BTW - here's a list of limitations as per the doc: http://dev.mysql.com/doc/refman/5.1/en/mysql-cluster-limitations.html
But whatever you do, try out cluster, see if its good for you. MySQL cluster is not "MySQL + 5 nines". You'll find out when you try.
NDB cluster comes with two type of storage options.
1.In Memory Storage.
2.Disk storage.
NDB introduced as in memory data storage and in version 7.4(MYSQL 5.6) onwards started supporting disk storage.
current version 7.5(MySQL 5.7) supports disk storage and in this case there will be no size constraints as data is going to reside in disk and limit depend on disk storage space available with you.

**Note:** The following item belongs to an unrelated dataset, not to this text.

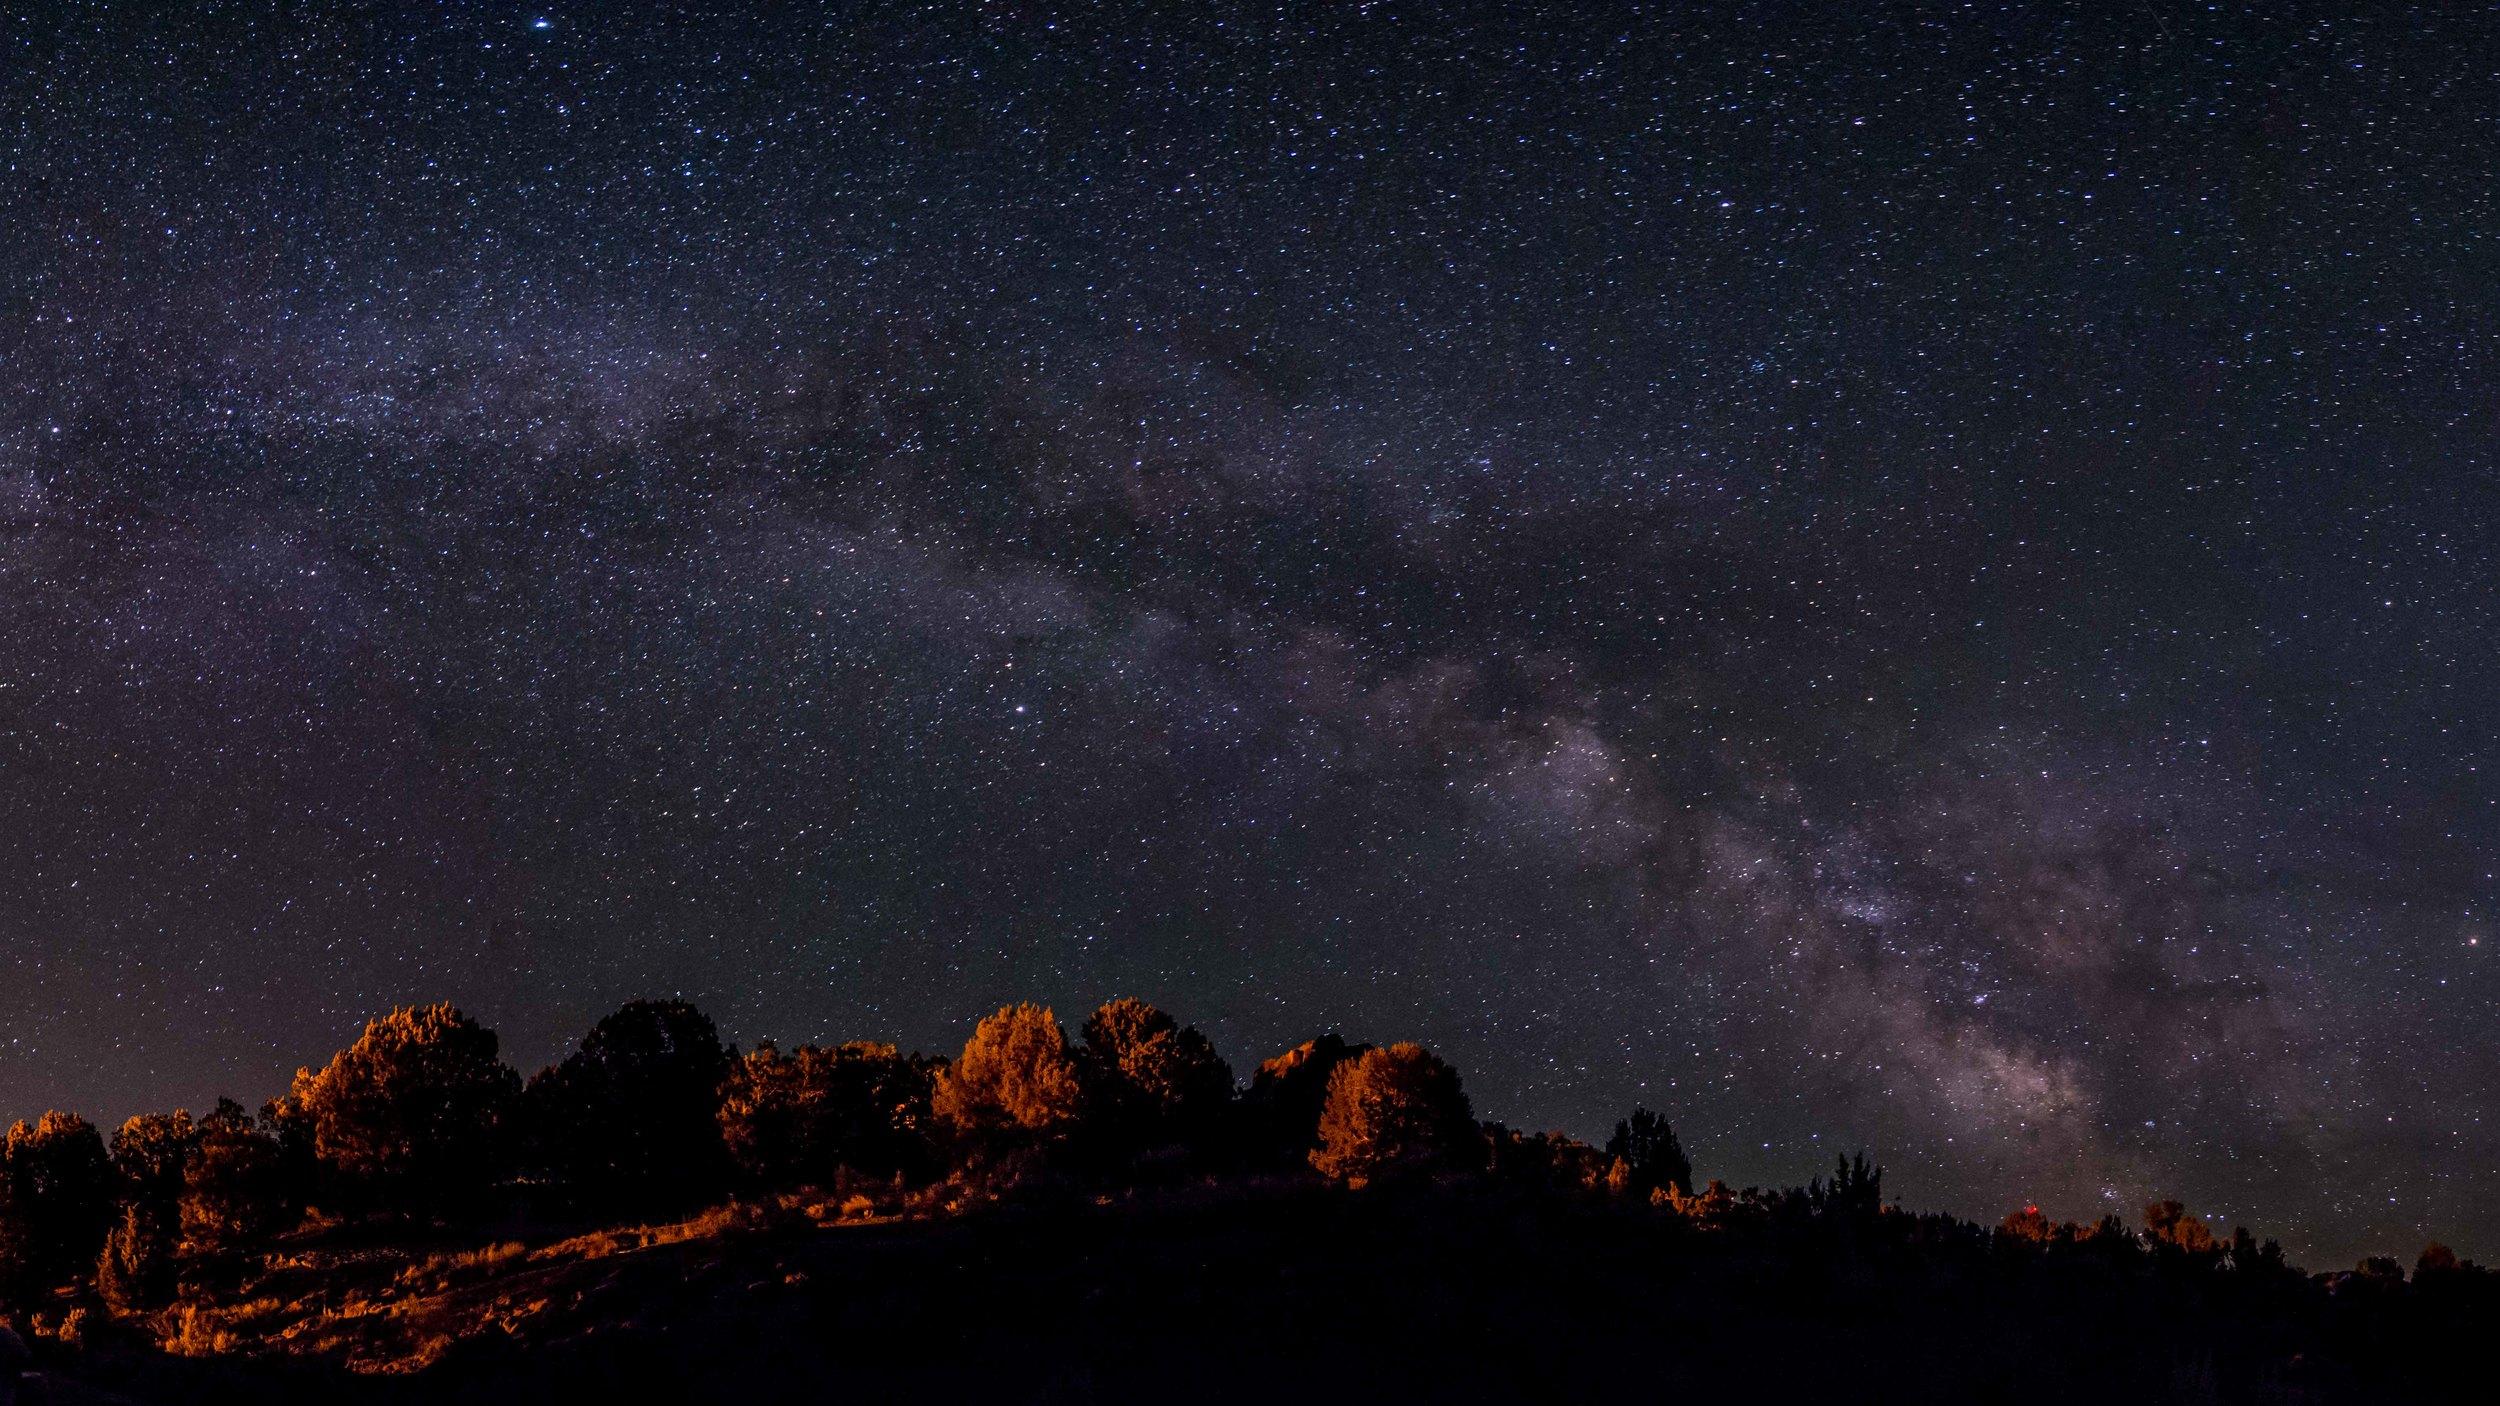 Milky Way at Massacre Rocks

Disk Storage configurations - https://dev.mysql.com/doc/refman/5.7/en/mysql-cluster-disk-data-symlinks.html
In Memory storage in NDB cluster is also quite mature and you can define memory usage in management node config.ini file.
example -
DataMemory=3072M
IndexMemory=384M
in an average table(depend on data stored in columns) total db size should be less then 1GB which can easily be configured.
Note - in my own implementation i faced one performance challenge as performance of NDB degrades with increasing number of rows in table.
Under high load concurrency read will degrade with number of increasing row.
Make sure you don't go for full table scan and provide sufficient where clause predicate.
For proper performance define secondary index properly as per your query pattern.
Defining secondary index will again increase memory consumption so plan your query pattern and memory resources accordingly.